Matters of international law and the principle of territorial integrity versus the one of the right to self-determination -- both contained in General Assembly resolution 1514 (XV) -- were addressed during statements on Gibraltar and the Malvinas/Falkland Islands.
A representative of the United States Virgin Islands addressed the modalities of United Nations agencies to render assistance to small island Non-Self-Governing Territories, and called for observer status of representatives of small island Non-Self-Governing Territories in world conferences and special Assembly sessions of the United Nations.
An expert from Anguilla announced that during the seminar, experts from several non-independent countries had come together to form the International Expert Group on Self-Determination to stimulate and encourage the flow of information relating to self-determination among non-independent countries, to provide expert commentary and analysis, and to provide a forum for the presentation, articulation and discussion of views of experts covering non-independent countries, including Non-Self-Governing Territories.

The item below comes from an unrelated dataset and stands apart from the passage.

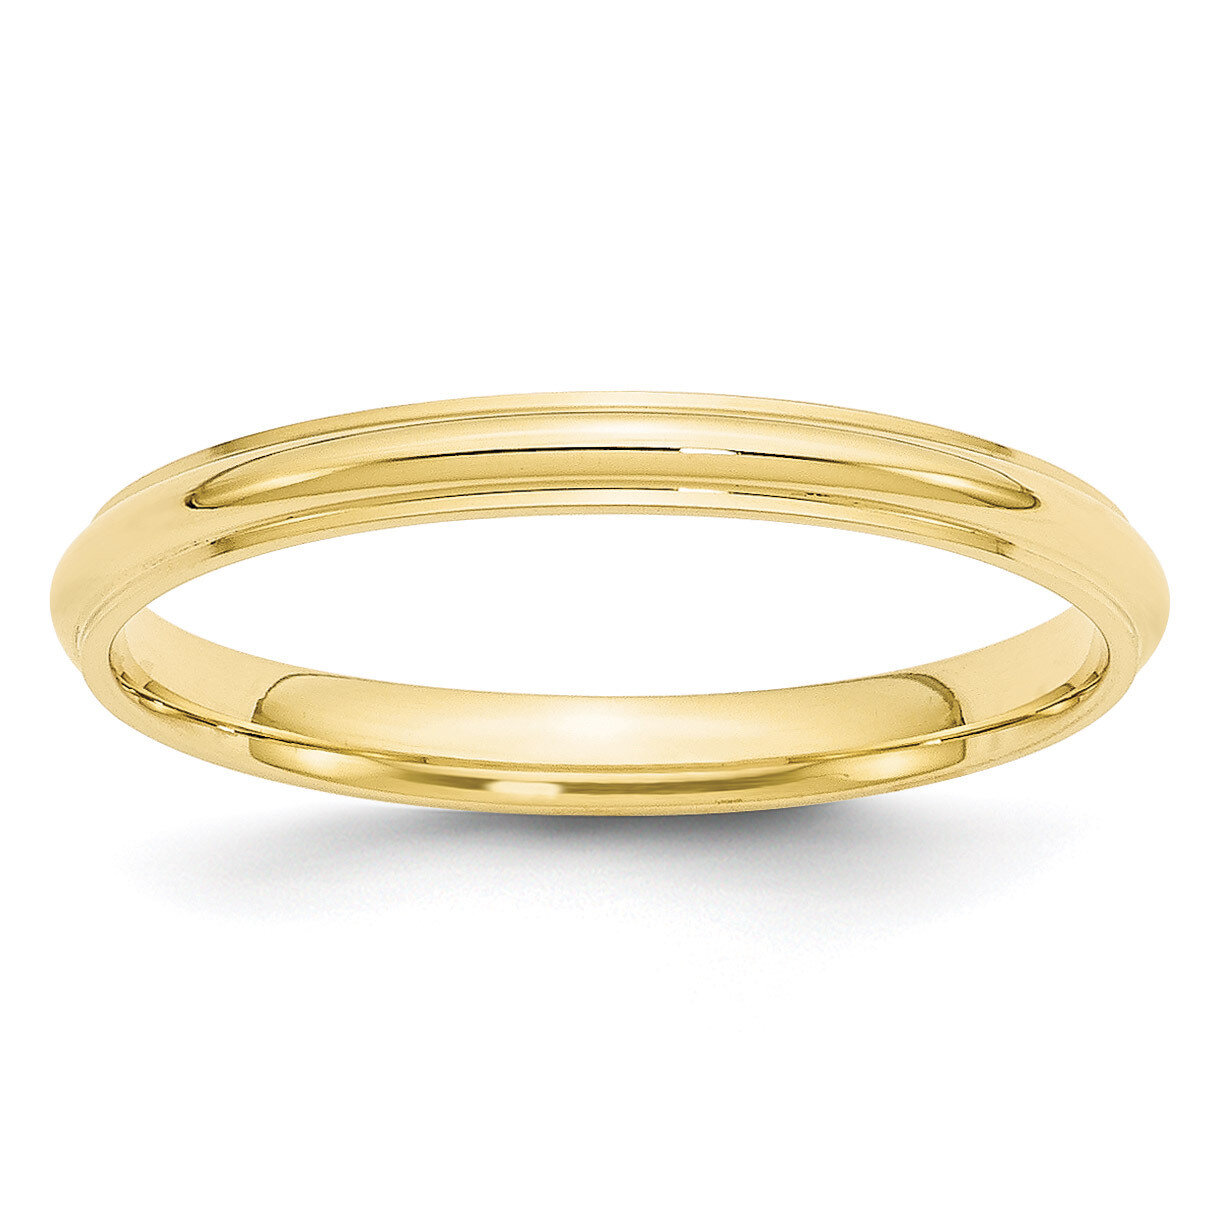 2.5mm Half Round with Edge Band 10k Yellow Gold Engravable 1HRE025-10

Most participants regarded the nationally televised reception hosted by Cuba’s President Fidel Castro in the Palacio Nacional on May 24 as the most memorable occasion of the seminar.
The Non-Self-Governing Territories are: Western Sahara in Africa; American Samoa (United States), Guam (United States), New Caledonia (France), Pitcairn (United Kingdom), and Tokelau (New Zealand) in Asia and the Pacific; Anguilla (United Kingdom), Bermuda (United Kingdom), British Virgin Islands (United Kingdom), Cayman Islands (United Kingdom), Falkland Islands/Malvinas (United Kingdom), Gibraltar (United Kingdom), Montserrat (United Kingdom), St. Helena (United Kingdom), Turks and Caicos Islands (United Kingdom), and United States Virgin Islands (United States) in the Atlantic.
Members of the Special Committee of 24 are: Antigua and Barbuda, Bolivia, Chile, China, Congo, Côte d'Ivoire, Cuba, Ethiopia, Fiji, Grenada, India, Indonesia, Iran, Iraq, Mali, Papua New Guinea, Russian Federation, Saint Lucia, Sierra Leone, Syria, Tunisia, United Republic of Tanzania, Venezuela and Yugoslavia.